# Some sponge filters, possible silent killer?



## Splak (May 1, 2013)

Well, I have a new thought, all of my shrimp tanks are currently using the cheap dual sponge filter you buy off ebay for like 3$ each (Model: XY-2831). They're great and all and work perfectly on my aquaclear intakes, but the suction cup quickly loses its suction ability and frequently falls off(for me atleast).

Now, on one tank I am using a 3-4 year old SeaPora 30 sponge filter that is weighed down from Big Al's. I noticed when I took this filter out of my 50g to move to a 10g to cycle fast that the bottom had what looked like rust staining on it.

Now I have lost 2 blue dream rili's this week, and the tanks been running for about 2 weeks. My thought is, could this rust I am seeing on the bottom of the sponge filter be leeching something bad into my tank and slowly picking off shrimps?

Anyone know where I can find weighed down sponge filters that won't have this kind of issue? Maybe one like the Seapora but made with stainless steel instead of the metal they used that is now rusting.

Thanks  

(PS: I know I post so much, but I have so many questions :S)


----------



## bettaforu (Sep 6, 2009)

you can make your own sponge filter that won't have this problem.

Use the aquaclear 110 sponge insert cut it in 2 or 3 whatever size you want
and silicone a ceramic tile (home depot) to the bottom. Cut a hole in the foam but not all the way to the bottom, and insert a piece of tubing that will stick out around 3 inch from the top of the sponge.
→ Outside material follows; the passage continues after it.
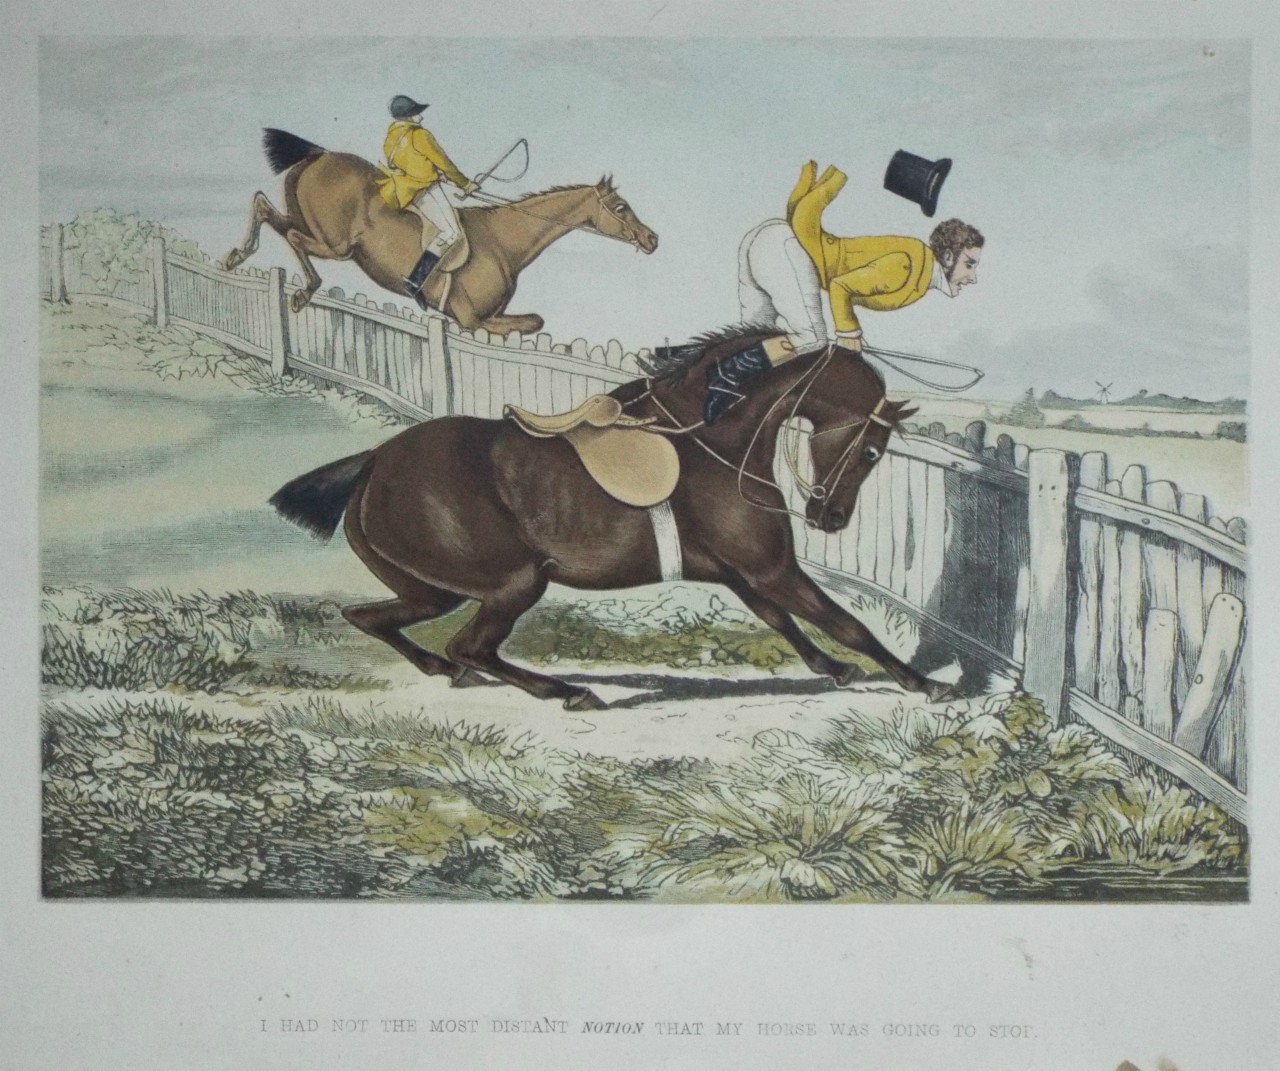 Chromo-lithograph - I had not the most distant Notion that my horse was going to stop.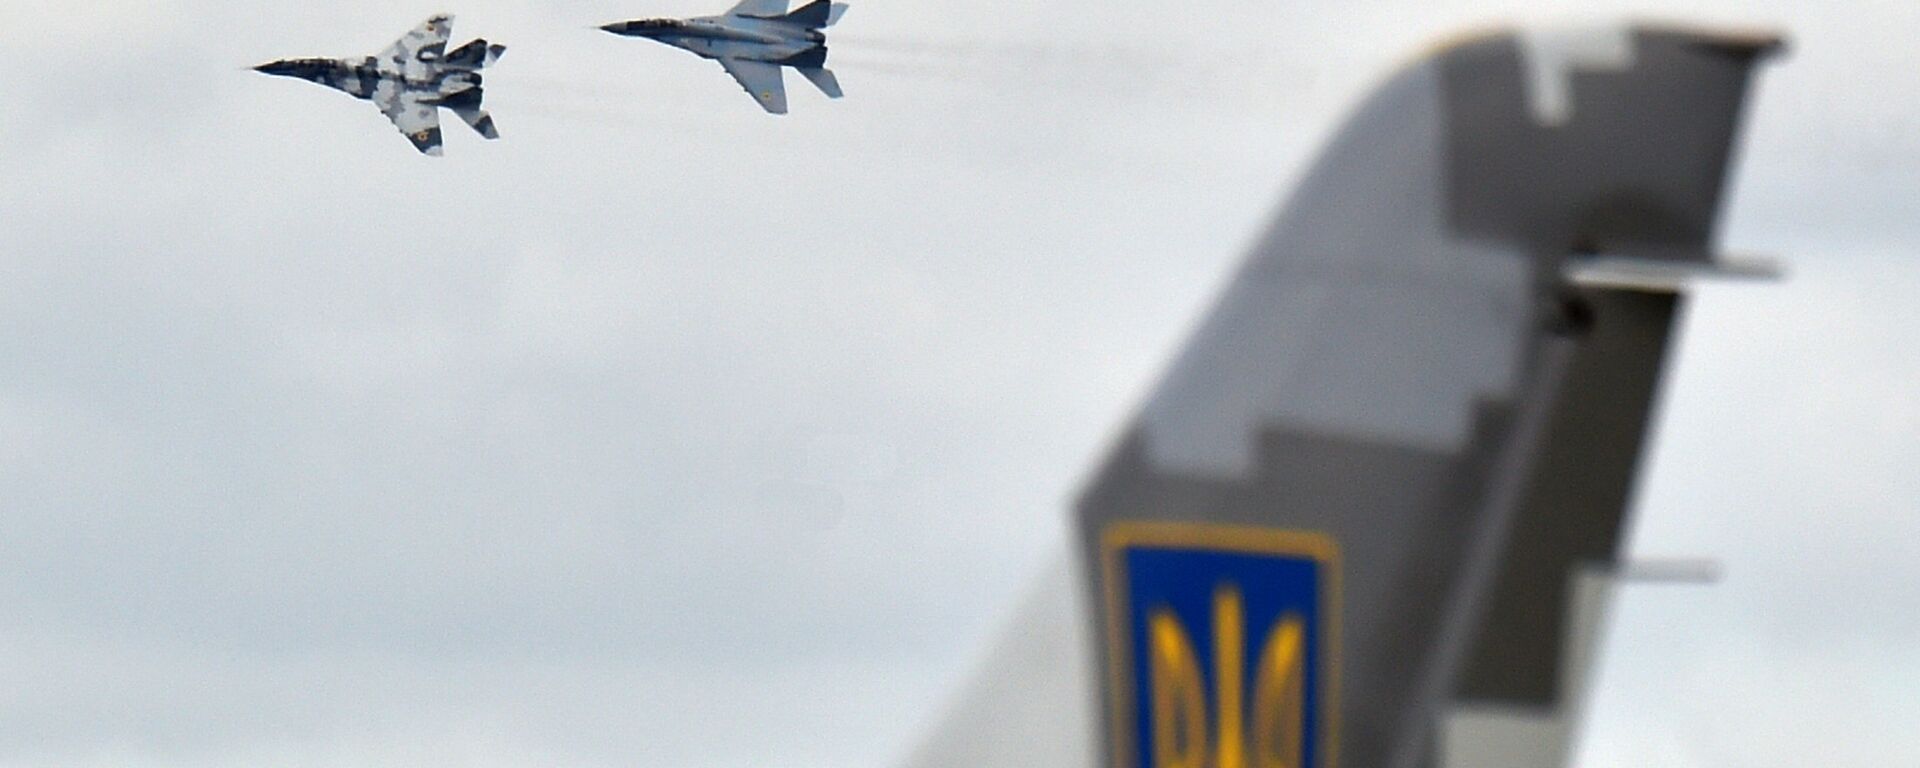 Ukrainian Air force MIG 29 fighter planes take part in practical flights during an exercise at the Air Force military base in Vasylkiv, some 40km from Kiev on August 3, 2016 - Sputnik International, 1920, 06.03.2022

Feed an airstone down into the
tubing and you have your own DIY weighted sponge filter that will more than
accommodate the biofilm for your shrimp tank.

I use this method myself...why pay for something that you can make cheaper 
and better. Ceramic doesn't leech anything and the holes in this foam are
big enough to make a great place for biofilm and shrimps to congregate on.

I have those dual sponges too and am constantly having to rinse them out because they clog up too easily. My shrimps LOVE the big aquaclear diy
sponge.


----------



## Splak (May 1, 2013)

I think that's what I'll have to do. I'm just such a neat freak and prefer everything in my tank look good. Hopefully I can make them not so ugly as what I'm thinking they'll look like haha.


----------



## deepblue3 (Jan 11, 2014)

Thats too bad your having a problem with the sponge filters from China. I have been using them for a really long time, and they stay put. Perhaps if they are old the suction wears out, but the new ones you should be able to get them to stick , once the are on hard to take off..

Good luck!


----------



## Jeff B (Jul 27, 2010)

You could try using replacement suction cups. These ones might work: http://www.aquariumsupplies.ca/aquarium/advanced_search_result.php?keywords=holder

Or you could try tying the filters to a rock or something else heavy with fishing line.

I do agree that the fine filters can clog quick. I just switched out a fluval pre filter on an Aquaclear for a home made one from an Aquaclear sponge because the fine holes were clogging too quickly.


----------



## Splak (May 1, 2013)

Ill try new cups first, then if that fails make my own sponge filters. 

I havent had an issue with clogging yet,... mind you my tanks only have like 20 shrimp per tank atm lol.. But it seems like making sponge filters with aquaclear might be the way to go for the long run


----------